Using the listing below, print exactly everything from the line with "F684 08/1996 - MÉMORISATION" down to the line with "Mamalicious zwangerschaps skinny", both included, and nothing more.

- Opening Delimiter -

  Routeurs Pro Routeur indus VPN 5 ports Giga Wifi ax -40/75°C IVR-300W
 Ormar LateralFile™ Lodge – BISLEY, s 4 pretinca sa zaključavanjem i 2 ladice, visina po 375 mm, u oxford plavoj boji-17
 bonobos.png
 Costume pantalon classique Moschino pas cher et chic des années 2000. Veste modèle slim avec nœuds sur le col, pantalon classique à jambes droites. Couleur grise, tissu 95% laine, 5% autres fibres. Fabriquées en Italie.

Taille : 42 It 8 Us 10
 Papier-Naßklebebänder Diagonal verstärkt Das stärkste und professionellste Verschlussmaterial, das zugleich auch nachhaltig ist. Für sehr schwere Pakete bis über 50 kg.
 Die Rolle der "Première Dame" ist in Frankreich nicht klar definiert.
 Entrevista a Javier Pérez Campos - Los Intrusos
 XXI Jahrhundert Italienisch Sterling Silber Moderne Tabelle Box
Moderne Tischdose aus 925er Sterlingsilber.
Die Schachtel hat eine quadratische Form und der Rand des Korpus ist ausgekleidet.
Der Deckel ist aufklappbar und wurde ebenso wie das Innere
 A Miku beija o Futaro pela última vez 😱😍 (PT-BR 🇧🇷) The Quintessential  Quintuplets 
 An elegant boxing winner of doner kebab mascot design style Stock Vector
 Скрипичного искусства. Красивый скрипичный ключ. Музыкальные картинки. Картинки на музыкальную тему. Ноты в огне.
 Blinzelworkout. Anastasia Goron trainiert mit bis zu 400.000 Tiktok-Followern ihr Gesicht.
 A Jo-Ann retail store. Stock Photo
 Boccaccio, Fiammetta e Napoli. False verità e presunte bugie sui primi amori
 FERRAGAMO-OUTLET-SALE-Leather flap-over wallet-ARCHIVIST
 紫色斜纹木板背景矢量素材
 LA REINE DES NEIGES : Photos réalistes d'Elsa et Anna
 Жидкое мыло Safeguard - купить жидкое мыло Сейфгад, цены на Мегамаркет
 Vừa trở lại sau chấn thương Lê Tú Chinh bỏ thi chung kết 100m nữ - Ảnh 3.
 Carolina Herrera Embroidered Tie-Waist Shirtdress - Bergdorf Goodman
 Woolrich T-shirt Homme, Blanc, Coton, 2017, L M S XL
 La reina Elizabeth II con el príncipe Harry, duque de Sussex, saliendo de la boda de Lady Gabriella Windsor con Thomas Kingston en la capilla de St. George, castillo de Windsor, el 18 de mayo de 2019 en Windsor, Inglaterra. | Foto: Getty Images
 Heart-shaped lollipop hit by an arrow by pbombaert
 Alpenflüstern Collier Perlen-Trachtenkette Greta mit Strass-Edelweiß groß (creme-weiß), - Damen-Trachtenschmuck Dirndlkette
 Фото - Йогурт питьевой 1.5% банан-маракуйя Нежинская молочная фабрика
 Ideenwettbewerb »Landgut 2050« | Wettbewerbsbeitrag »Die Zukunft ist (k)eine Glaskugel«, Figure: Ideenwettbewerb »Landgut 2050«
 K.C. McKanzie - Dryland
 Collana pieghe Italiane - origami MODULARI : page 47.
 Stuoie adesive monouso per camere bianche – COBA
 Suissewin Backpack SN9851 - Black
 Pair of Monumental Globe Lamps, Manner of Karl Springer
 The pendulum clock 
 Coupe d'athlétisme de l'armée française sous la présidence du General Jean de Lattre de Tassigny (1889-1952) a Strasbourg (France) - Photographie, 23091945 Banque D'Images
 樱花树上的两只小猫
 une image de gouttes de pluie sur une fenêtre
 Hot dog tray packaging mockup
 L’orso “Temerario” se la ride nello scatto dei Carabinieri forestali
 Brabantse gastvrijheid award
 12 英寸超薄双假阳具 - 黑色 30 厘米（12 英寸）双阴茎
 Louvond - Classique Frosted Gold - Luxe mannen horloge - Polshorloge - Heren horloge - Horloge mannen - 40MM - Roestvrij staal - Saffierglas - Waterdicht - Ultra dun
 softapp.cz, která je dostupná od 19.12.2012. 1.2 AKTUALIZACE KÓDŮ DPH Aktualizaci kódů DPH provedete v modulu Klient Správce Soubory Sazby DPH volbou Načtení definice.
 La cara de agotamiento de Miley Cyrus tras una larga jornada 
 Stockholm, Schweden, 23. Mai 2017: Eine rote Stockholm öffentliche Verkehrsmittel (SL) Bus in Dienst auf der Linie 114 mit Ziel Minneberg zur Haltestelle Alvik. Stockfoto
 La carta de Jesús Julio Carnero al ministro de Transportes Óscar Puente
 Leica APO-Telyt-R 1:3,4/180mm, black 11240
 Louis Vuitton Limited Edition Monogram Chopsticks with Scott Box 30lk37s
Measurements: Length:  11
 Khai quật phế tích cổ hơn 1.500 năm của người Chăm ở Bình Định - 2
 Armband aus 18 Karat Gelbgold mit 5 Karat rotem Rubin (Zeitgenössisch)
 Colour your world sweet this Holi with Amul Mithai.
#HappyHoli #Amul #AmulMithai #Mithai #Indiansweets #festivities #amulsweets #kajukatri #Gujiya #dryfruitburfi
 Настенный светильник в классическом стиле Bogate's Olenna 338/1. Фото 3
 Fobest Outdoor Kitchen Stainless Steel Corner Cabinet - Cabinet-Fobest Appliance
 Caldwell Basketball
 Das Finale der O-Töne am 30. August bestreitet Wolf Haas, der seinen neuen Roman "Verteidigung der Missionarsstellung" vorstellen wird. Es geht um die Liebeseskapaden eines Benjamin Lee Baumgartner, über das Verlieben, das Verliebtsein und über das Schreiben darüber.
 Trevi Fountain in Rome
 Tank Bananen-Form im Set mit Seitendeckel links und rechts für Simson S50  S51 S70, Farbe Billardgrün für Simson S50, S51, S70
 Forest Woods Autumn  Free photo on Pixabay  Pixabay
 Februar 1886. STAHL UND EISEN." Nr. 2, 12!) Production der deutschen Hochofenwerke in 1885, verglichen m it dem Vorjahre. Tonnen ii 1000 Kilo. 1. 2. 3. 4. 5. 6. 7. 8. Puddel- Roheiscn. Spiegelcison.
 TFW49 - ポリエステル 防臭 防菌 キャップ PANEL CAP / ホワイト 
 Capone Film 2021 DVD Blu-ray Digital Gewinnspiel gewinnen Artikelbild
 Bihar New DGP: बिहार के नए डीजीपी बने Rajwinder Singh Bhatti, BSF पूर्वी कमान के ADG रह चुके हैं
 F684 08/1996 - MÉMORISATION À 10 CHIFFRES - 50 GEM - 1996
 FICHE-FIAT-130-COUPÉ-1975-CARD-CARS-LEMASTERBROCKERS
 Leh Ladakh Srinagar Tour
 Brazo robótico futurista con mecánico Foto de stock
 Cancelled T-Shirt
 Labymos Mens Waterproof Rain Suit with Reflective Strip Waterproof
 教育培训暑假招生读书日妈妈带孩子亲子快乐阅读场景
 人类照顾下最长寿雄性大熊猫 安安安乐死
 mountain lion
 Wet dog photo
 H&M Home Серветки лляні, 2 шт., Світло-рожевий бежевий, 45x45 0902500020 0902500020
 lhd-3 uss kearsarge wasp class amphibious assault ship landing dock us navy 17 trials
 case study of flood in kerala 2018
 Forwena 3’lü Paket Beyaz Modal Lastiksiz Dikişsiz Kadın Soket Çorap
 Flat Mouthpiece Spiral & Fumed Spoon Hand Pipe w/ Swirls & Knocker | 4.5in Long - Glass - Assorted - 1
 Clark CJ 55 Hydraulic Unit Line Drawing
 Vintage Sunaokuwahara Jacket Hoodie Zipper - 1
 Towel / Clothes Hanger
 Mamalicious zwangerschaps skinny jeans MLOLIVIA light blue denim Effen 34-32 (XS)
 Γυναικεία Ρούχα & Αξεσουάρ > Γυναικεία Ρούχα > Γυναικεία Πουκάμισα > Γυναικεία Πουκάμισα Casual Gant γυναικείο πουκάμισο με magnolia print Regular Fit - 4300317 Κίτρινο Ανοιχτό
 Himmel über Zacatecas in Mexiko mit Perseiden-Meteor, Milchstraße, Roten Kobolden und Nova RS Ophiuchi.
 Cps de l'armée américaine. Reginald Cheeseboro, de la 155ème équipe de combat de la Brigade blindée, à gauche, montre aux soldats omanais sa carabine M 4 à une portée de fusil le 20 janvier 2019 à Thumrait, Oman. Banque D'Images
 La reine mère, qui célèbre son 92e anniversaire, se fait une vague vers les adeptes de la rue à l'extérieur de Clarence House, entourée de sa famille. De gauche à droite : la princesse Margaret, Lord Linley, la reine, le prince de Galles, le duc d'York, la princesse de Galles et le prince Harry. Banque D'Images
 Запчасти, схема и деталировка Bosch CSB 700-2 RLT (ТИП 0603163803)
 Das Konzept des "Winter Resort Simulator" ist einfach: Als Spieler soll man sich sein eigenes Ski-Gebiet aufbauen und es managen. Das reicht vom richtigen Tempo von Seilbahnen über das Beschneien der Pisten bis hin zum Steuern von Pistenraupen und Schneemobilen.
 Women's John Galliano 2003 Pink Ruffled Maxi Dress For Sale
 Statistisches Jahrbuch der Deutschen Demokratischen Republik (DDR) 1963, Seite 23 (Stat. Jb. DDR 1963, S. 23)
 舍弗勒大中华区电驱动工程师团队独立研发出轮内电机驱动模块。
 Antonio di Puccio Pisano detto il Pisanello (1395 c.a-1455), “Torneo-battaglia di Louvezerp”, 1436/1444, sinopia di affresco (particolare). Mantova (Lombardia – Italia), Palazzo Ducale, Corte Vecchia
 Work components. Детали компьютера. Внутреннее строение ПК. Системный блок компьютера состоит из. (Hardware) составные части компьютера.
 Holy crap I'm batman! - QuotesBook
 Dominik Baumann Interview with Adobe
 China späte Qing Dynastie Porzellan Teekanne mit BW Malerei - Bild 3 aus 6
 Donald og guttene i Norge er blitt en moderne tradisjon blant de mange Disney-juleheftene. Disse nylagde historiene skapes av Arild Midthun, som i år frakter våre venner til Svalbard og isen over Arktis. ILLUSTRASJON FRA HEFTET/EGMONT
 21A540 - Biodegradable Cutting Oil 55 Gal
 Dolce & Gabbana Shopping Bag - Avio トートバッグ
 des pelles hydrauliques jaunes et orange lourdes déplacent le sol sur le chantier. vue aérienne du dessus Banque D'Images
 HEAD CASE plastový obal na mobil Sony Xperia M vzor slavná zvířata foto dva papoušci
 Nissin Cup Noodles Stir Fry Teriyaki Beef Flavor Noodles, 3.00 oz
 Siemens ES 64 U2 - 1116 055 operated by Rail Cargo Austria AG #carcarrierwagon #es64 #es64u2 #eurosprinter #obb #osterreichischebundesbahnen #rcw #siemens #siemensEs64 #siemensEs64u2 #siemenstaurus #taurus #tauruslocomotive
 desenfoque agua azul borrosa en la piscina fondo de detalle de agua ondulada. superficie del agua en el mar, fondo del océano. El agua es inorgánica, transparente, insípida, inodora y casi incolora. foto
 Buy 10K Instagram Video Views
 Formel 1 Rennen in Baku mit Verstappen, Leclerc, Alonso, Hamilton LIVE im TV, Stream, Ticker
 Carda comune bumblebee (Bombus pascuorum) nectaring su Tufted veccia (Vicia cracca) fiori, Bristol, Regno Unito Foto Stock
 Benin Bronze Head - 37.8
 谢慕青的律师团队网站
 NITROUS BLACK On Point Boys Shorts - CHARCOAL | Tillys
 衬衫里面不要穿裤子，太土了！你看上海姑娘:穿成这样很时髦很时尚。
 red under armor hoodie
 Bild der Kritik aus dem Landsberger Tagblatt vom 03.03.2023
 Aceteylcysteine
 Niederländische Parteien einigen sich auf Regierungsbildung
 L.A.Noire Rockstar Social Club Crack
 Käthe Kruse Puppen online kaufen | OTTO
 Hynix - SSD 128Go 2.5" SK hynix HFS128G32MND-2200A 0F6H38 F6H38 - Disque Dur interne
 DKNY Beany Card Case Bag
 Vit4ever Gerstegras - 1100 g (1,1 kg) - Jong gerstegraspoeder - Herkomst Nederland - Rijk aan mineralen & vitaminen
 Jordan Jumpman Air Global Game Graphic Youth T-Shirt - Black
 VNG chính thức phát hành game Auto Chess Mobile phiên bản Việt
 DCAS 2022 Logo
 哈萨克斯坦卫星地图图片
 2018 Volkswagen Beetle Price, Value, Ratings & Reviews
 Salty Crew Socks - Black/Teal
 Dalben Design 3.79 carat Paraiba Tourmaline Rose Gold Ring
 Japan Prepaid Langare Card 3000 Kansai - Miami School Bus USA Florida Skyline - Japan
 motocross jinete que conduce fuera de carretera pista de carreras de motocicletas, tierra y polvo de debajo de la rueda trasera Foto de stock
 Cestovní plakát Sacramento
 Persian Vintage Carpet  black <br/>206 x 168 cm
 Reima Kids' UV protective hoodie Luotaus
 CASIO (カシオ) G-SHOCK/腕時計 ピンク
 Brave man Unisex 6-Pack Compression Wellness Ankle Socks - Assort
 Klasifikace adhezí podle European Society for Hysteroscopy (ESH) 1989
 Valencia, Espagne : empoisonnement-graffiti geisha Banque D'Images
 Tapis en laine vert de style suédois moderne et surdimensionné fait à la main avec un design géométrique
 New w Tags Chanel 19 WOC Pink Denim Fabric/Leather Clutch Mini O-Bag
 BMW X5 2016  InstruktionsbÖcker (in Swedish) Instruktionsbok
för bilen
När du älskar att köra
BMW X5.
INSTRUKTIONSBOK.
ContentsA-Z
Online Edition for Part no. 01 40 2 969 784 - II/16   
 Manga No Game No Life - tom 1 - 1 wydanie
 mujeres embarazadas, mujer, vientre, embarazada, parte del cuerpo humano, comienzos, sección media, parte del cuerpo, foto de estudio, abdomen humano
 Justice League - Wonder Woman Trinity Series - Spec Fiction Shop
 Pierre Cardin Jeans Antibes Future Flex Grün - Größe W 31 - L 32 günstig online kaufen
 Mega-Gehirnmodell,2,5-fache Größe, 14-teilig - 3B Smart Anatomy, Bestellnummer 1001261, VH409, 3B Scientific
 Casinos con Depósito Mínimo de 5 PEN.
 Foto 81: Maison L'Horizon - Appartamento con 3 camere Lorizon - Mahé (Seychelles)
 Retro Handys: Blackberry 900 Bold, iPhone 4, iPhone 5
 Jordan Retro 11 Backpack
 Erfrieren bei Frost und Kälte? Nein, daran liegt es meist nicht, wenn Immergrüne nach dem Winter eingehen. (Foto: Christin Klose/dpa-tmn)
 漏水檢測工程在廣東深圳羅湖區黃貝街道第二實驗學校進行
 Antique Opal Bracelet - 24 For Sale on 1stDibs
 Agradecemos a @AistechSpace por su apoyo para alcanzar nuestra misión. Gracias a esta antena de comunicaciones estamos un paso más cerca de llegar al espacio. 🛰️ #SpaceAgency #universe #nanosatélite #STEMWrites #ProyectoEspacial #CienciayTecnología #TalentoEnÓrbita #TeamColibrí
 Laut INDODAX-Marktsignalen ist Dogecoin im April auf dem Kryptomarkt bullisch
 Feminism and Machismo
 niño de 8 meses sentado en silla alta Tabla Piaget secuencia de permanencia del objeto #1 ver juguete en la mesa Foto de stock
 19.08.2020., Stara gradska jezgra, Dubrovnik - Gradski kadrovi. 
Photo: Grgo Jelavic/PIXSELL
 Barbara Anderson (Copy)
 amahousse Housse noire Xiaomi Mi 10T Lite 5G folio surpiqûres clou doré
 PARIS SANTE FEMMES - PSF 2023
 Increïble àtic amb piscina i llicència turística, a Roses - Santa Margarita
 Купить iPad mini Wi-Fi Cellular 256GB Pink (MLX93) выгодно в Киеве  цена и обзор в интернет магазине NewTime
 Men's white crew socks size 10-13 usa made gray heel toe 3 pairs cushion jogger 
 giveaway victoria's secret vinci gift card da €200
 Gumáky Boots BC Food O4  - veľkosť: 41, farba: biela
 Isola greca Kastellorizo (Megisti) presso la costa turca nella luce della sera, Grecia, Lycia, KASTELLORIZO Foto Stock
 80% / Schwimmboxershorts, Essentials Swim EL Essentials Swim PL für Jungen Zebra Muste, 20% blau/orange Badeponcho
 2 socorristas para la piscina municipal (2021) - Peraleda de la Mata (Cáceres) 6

- Closing Delimiter -

→ ANSWER SPACE:
 F684 08/1996 - MÉMORISATION À 10 CHIFFRES - 50 GEM - 1996
 FICHE-FIAT-130-COUPÉ-1975-CARD-CARS-LEMASTERBROCKERS
 Leh Ladakh Srinagar Tour
 Brazo robótico futurista con mecánico Foto de stock
 Cancelled T-Shirt
 Labymos Mens Waterproof Rain Suit with Reflective Strip Waterproof
 教育培训暑假招生读书日妈妈带孩子亲子快乐阅读场景
 人类照顾下最长寿雄性大熊猫 安安安乐死
 mountain lion
 Wet dog photo
 H&M Home Серветки лляні, 2 шт., Світло-рожевий бежевий, 45x45 0902500020 0902500020
 lhd-3 uss kearsarge wasp class amphibious assault ship landing dock us navy 17 trials
 case study of flood in kerala 2018
 Forwena 3’lü Paket Beyaz Modal Lastiksiz Dikişsiz Kadın Soket Çorap
 Flat Mouthpiece Spiral & Fumed Spoon Hand Pipe w/ Swirls & Knocker | 4.5in Long - Glass - Assorted - 1
 Clark CJ 55 Hydraulic Unit Line Drawing
 Vintage Sunaokuwahara Jacket Hoodie Zipper - 1
 Towel / Clothes Hanger
 Mamalicious zwangerschaps skinny jeans MLOLIVIA light blue denim Effen 34-32 (XS)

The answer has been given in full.